= Riki Wilchins =

American LGBT activist

Riki Anne Wilchins (born 1952) is an American activist whose work has primarily focused on the impact of gender norms.

== Background ==
Wilchins founded the first national transgender advocacy group (GenderPAC). Their analysis and work broadened over time to include discrimination and violence regardless of individuals' identity. While this perspective has been widely accepted, its breadth has provoked criticism by some in the transgender community. Wilchins's work and writing have often focused on youth, whom they not only see as uniquely vulnerable to the gender system's pressures and harm, but whom they see as capable of "looking with fresh eyes". Wilchins's work has been instrumental in bringing transgender rights into the mainstream LGBTQ movement, and has helped bring awareness of the impact of gender norms to a wider audience, and they are credited with coining the term "genderqueer." Riki Wilchins is Jewish.

In 1996, they starred in Rosa von Praunheim's film Transexual Menace. Wilchins's early activism with the "Hermaphrodites With Attitude!" protest group and intersex leader Cheryl Chase led to the founding of Intersex Awareness Day. In 2001, Wilchins's work resulted in them being selected one of just six community activists named by Time magazine among its "100 Civic Innovators for the 21st Century". In 2009, Wilchins debuted The MANGina Monologues (A One Trans Show) at DC's Busboys & Poets, one of the first transgender standup shows. A founding member of Camp Trans, since the mid-1990s Wilchins has been highly active in founding a number of organizations and events focused on gender issues, including:

- The Transexual Menace, the first large direct action group for transgender rights, which was modeled along the lines of Queer Nation and which at one point boasted representatives in 40+ cities (co-founder Denise Norris).
- a 1996 demonstration held with members of Intersex Society of North America, now marked as Intersex Awareness Day.
- NYC Gay Community Center Gender Identity Project (co-founder Dr.

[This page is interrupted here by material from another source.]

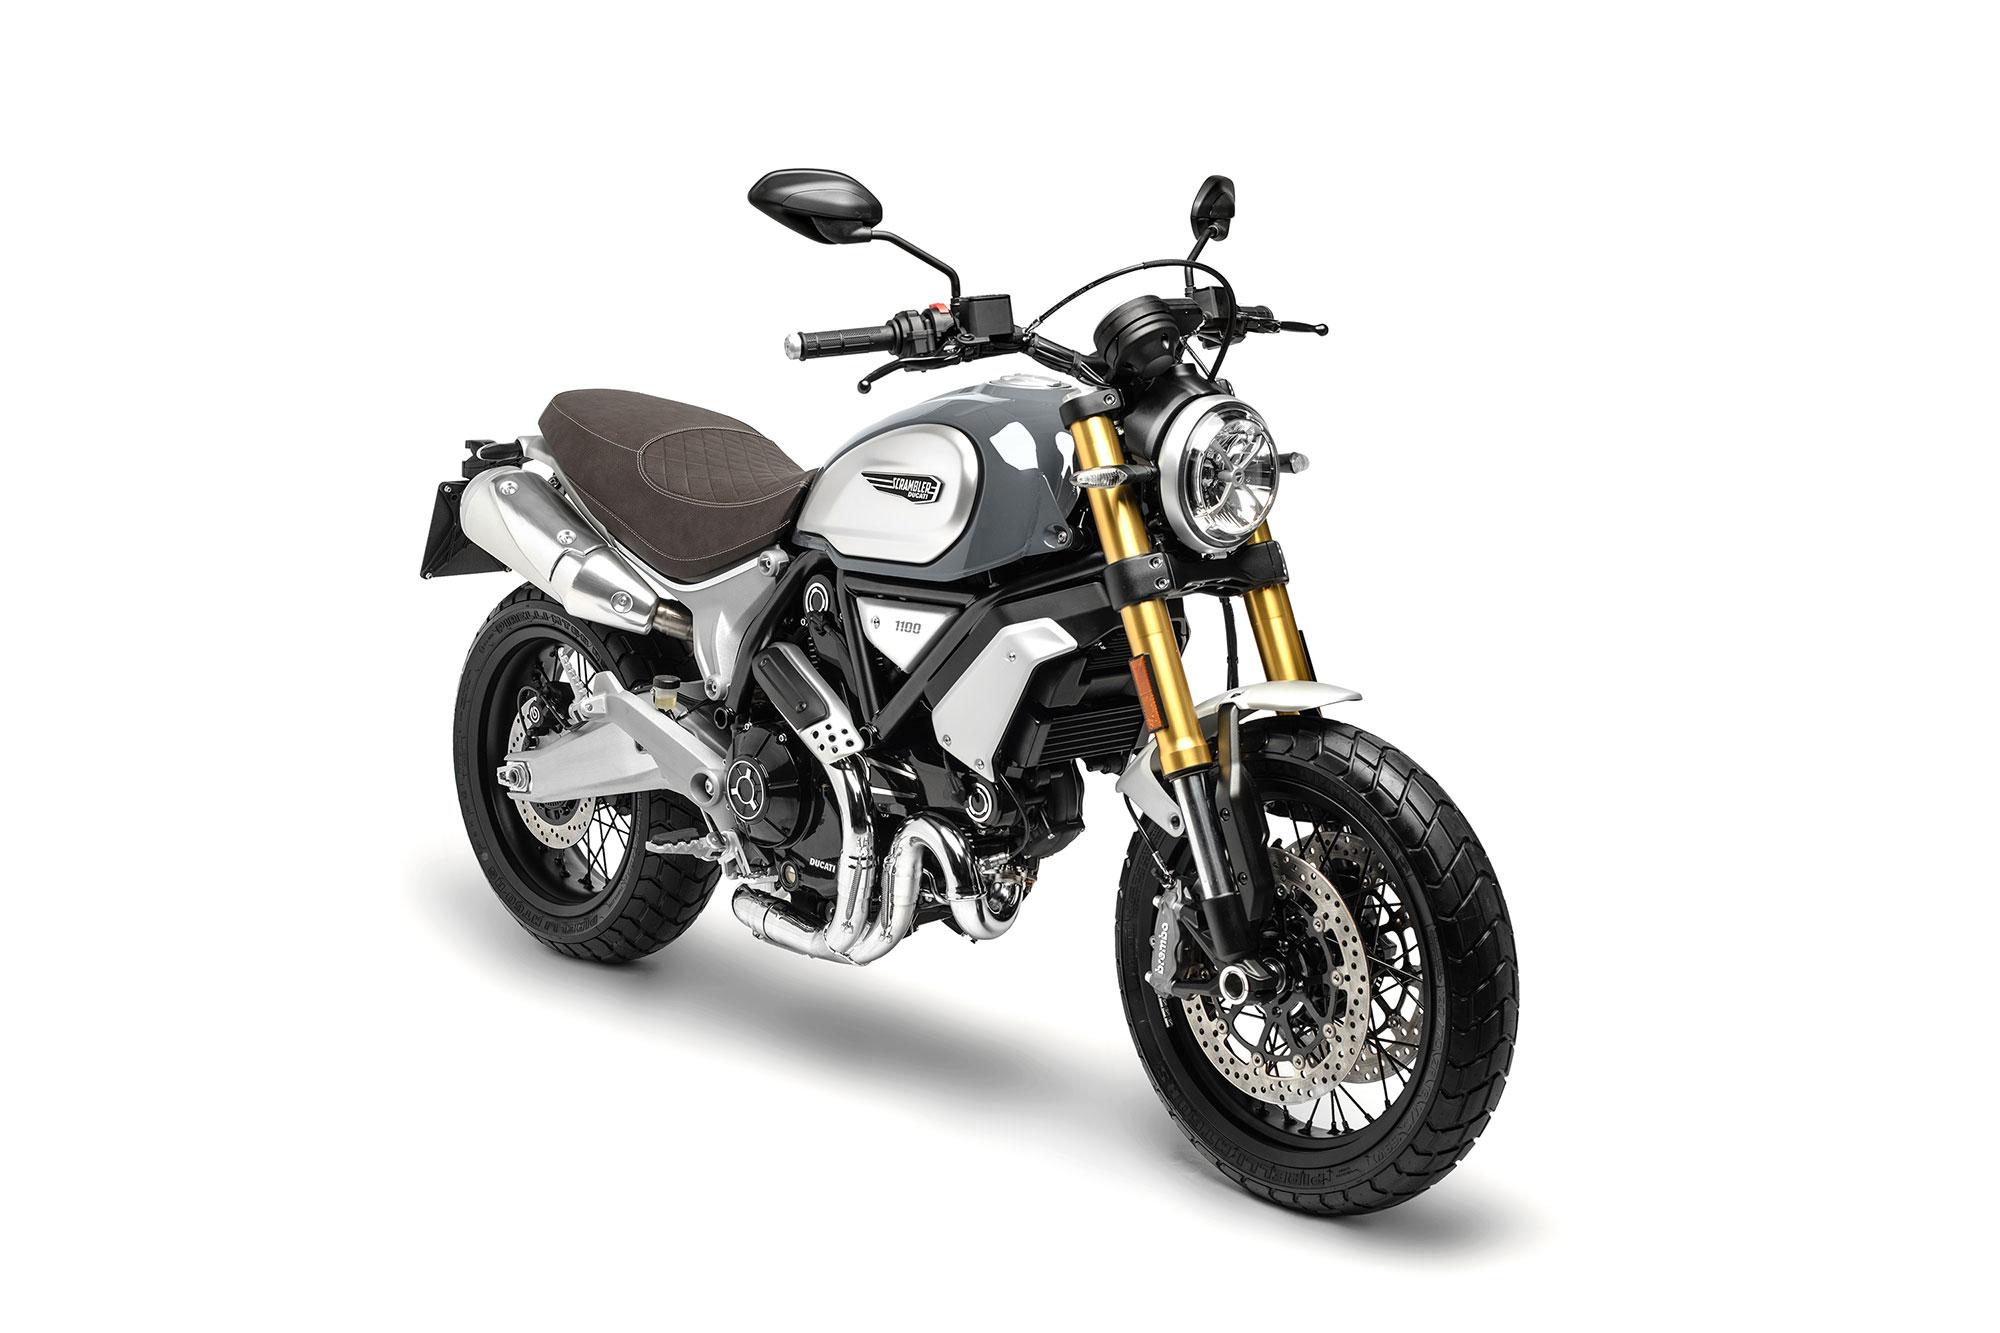 МОТОЦИКЛ DUCATI SCRAMBLER 1100 SPECIAL ― Артмото - купить квадроцикл в украине и харькове, мотоцикл, снегоход, скутер, мопед, электромобиль

Barbara Warren, Dir. of Social Services).
- NYC Gay Community Center Transgender Health Empowerment Conference, an annual event (co-founder Dr. Barbara Warren, Dir. of Social Services).
- Camp Trans, an annual educational event outside the Michigan Womyn's Music Festival that contested the exclusion of anyone who was not deemed a "womyn-born womyn" (co-founders Janice Walworth, Nancy Jean Burkholder).
- National Coalition for Sexual Freedom (co-founder Susan Wright, its first Exec. Dir.)
- National Gender Lobby Day, an annual event on Capitol Hill (co-founder Phyllis Frye).

== GenderPAC ==
In 1995, Wilchins founded the Gender Public Advocacy Coalition (GenderPAC), a tax-exempt organization focused on gender rights issues. GenderPAC originally focused on the transgender community, but gradually broadened its focus to include anyone who suffered discrimination or violence because of their gender identity or gender expression. GenderPAC described its mission as the creation of "classrooms, communities, and workplaces [that] are safe for everyone to learn, grow, and succeed — whether or not they meet expectations for masculinity and femininity." In late 1999, the organization was incorporated and received tax-exempt status. In 2009, it rebranded and relaunched as a new organization, TrueChild, effectively ceasing operations as GenderPAC.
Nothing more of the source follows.